(Data supplied Opens)

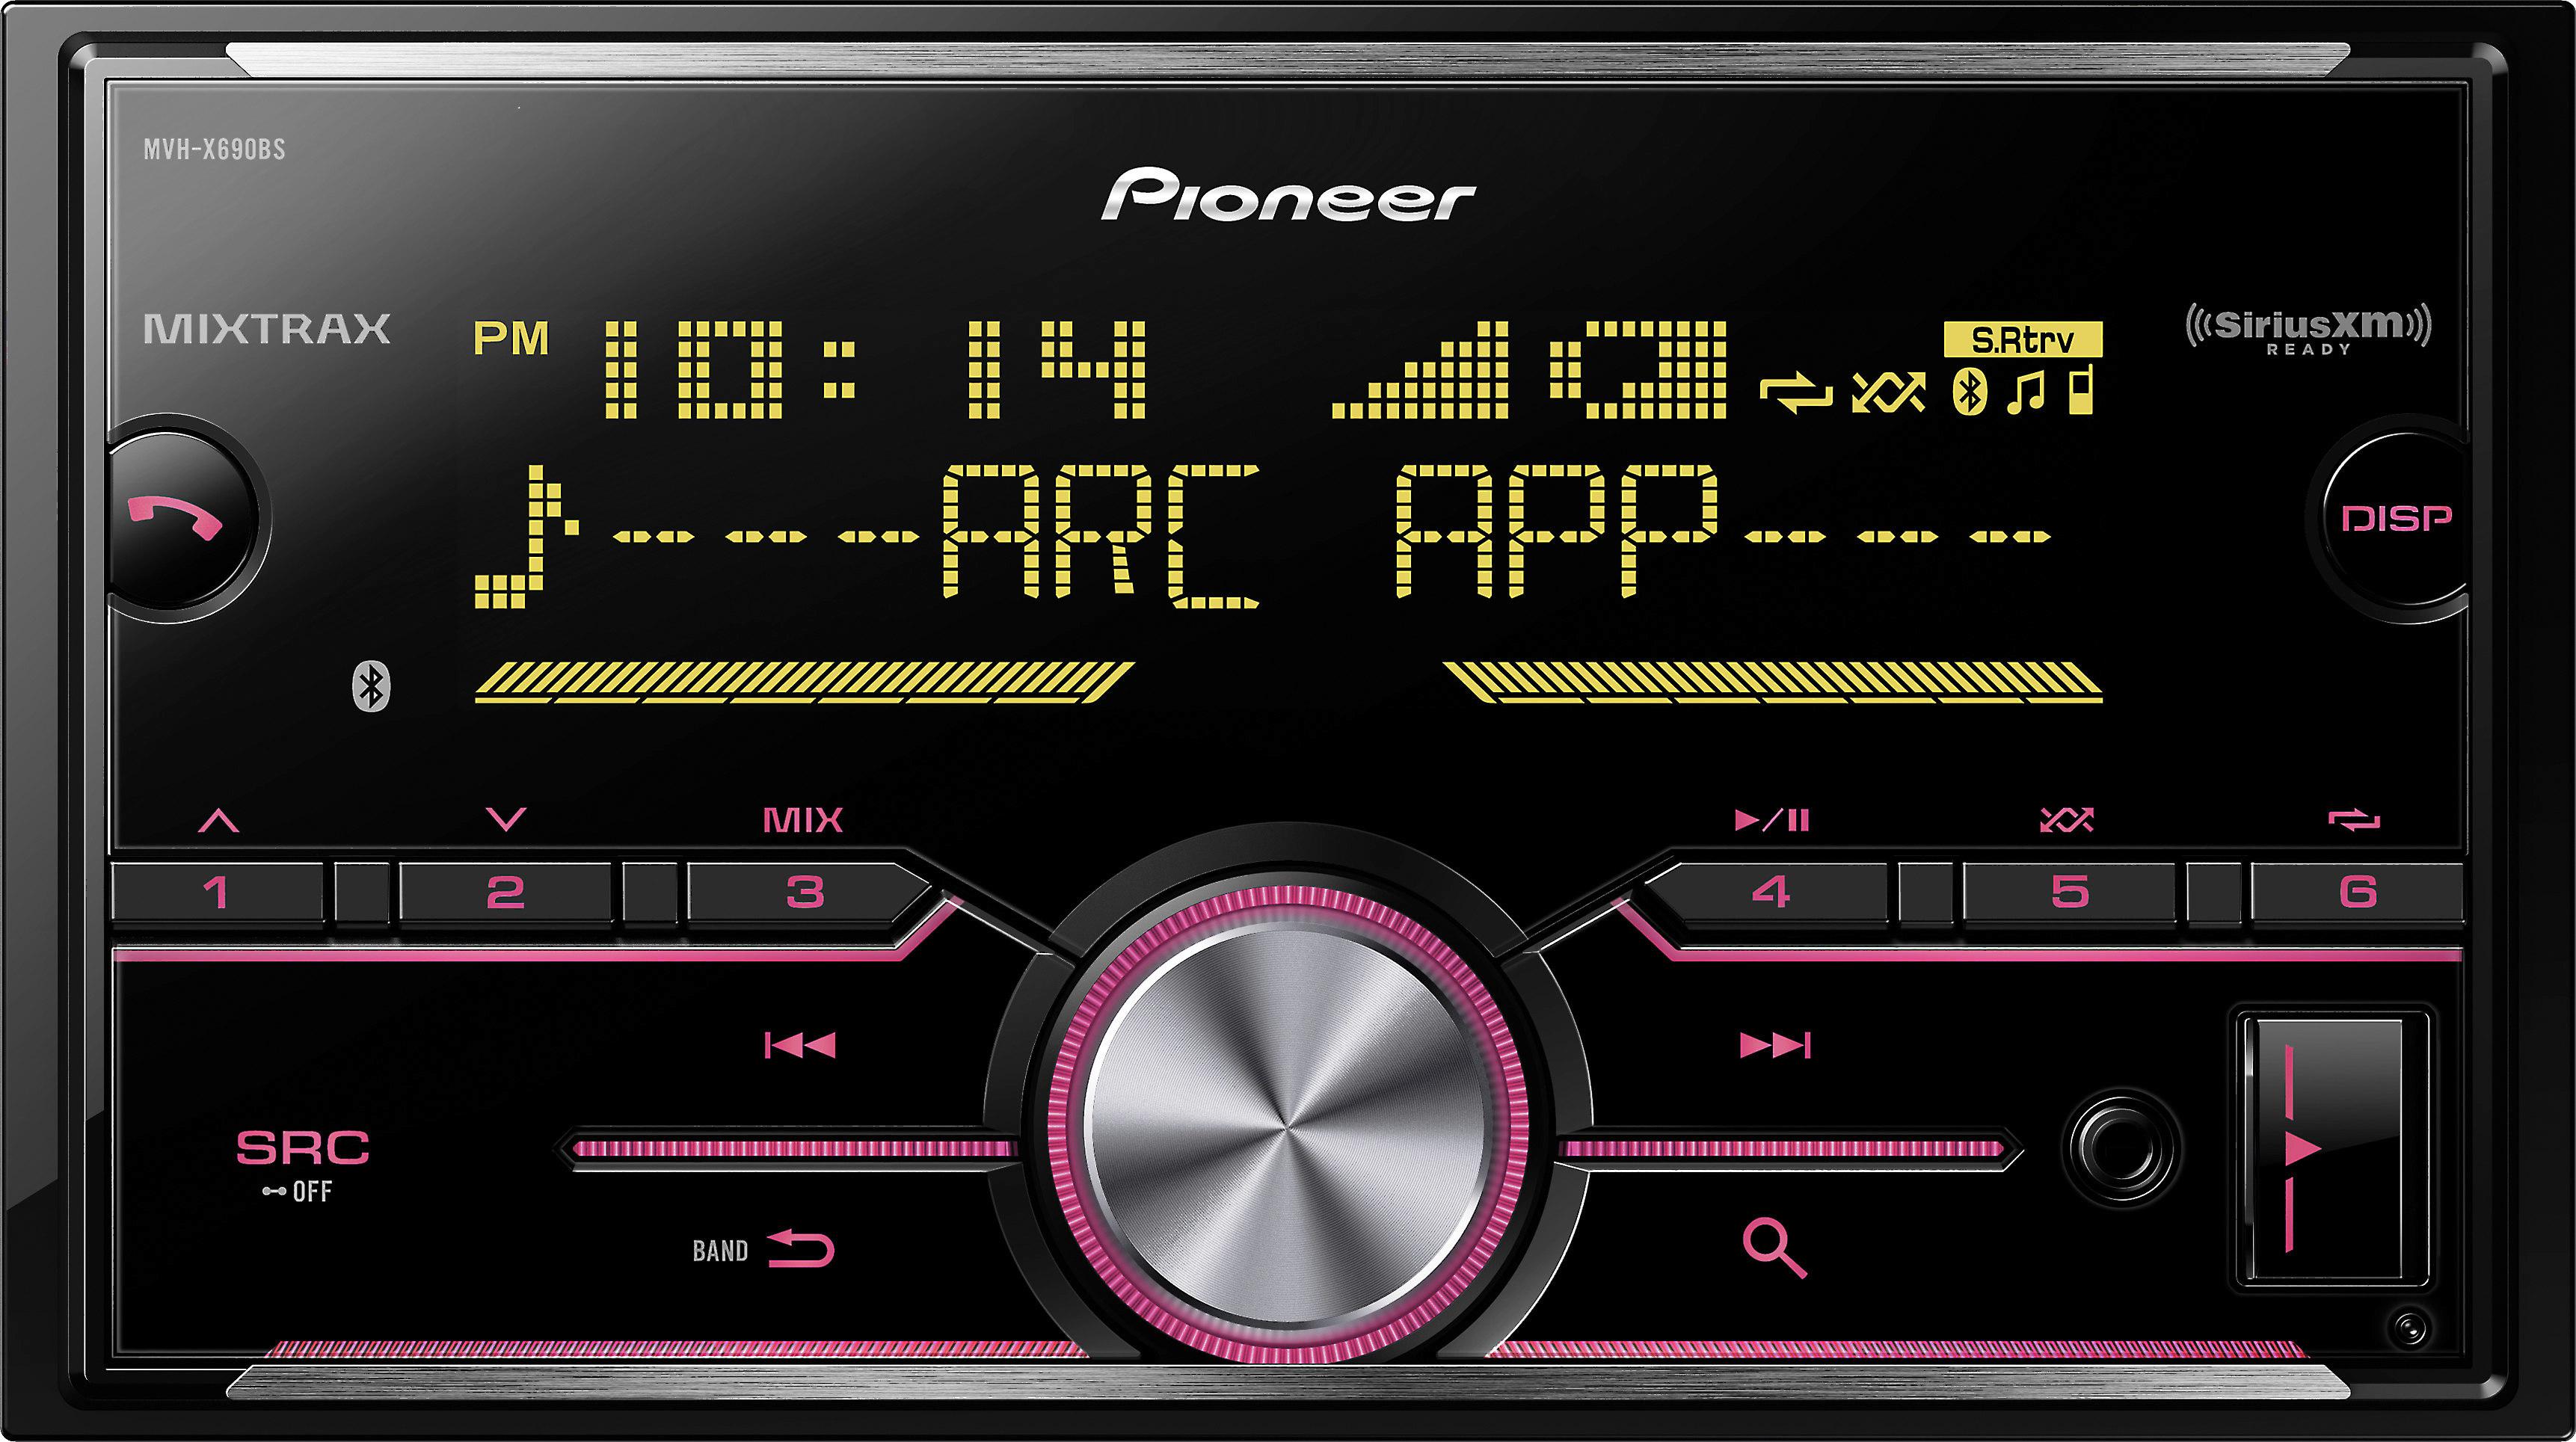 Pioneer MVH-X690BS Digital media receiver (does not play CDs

(Data supplied Closes)
(Data supplied Opens)

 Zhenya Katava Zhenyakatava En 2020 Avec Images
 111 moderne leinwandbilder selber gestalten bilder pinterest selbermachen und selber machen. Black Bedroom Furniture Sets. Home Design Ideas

(Data supplied Closes)
(Data supplied Opens)

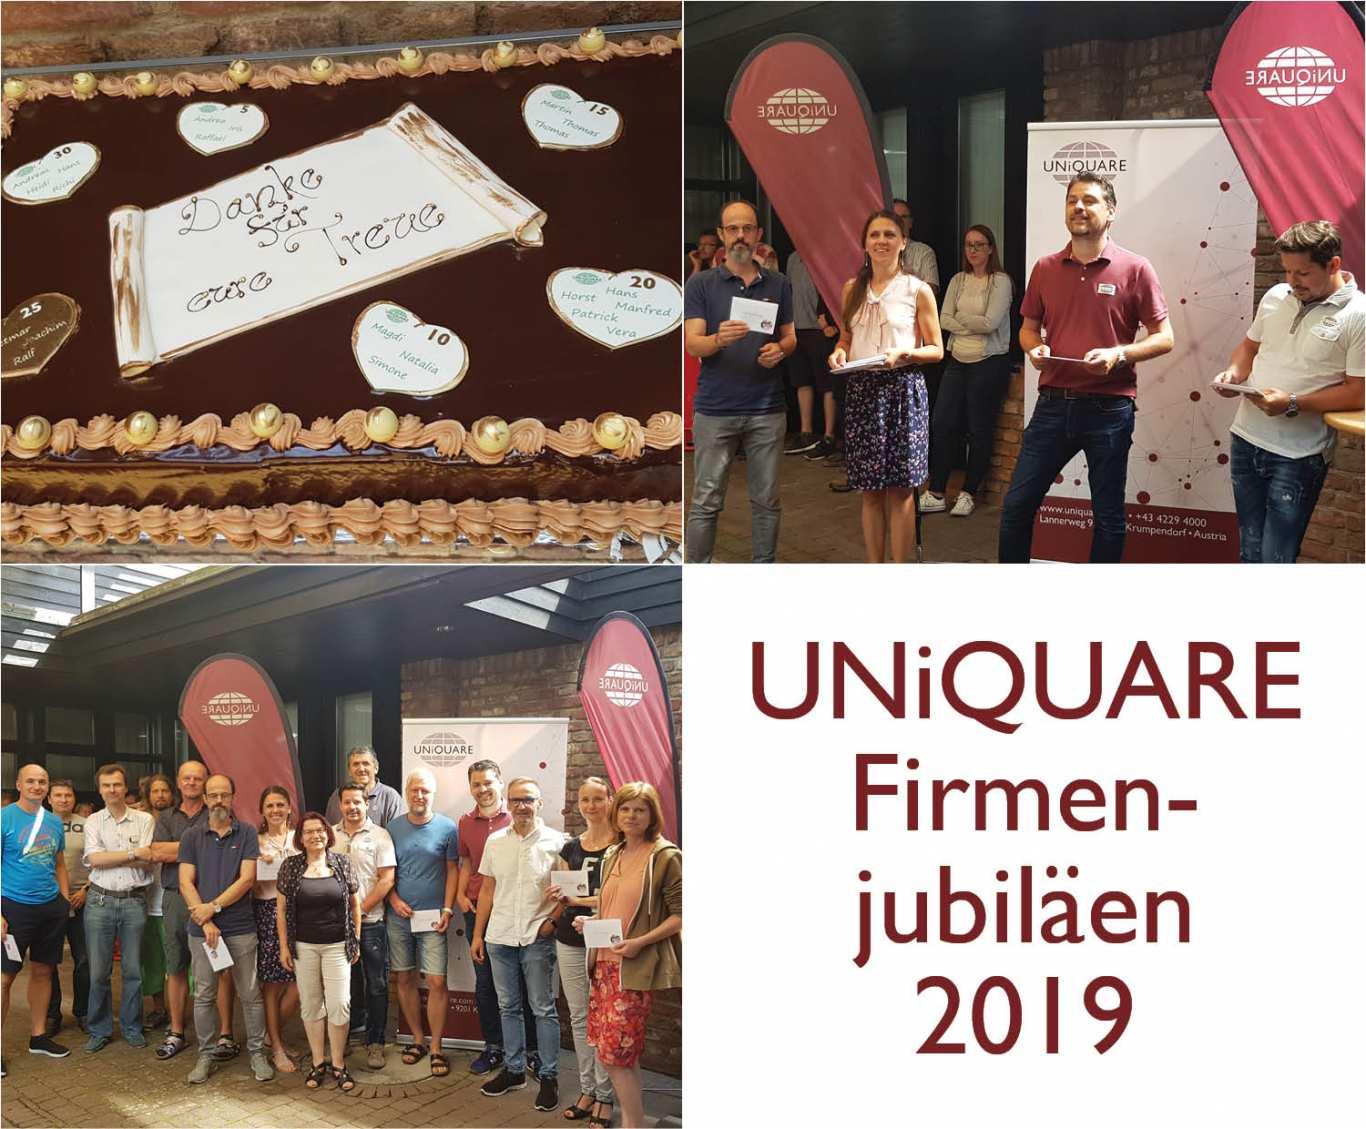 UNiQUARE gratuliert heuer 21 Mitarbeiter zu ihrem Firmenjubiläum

(Data supplied Closes)

# Exercise:
Everything above from the line containing "Zhenya Katava Zhenyakatava" down to the line containing "111 moderne leinwandbilder" should be copied exactly, both end lines included, and nothing else.

# Response area:
 Zhenya Katava Zhenyakatava En 2020 Avec Images
 111 moderne leinwandbilder selber gestalten bilder pinterest selbermachen und selber machen. Black Bedroom Furniture Sets. Home Design Ideas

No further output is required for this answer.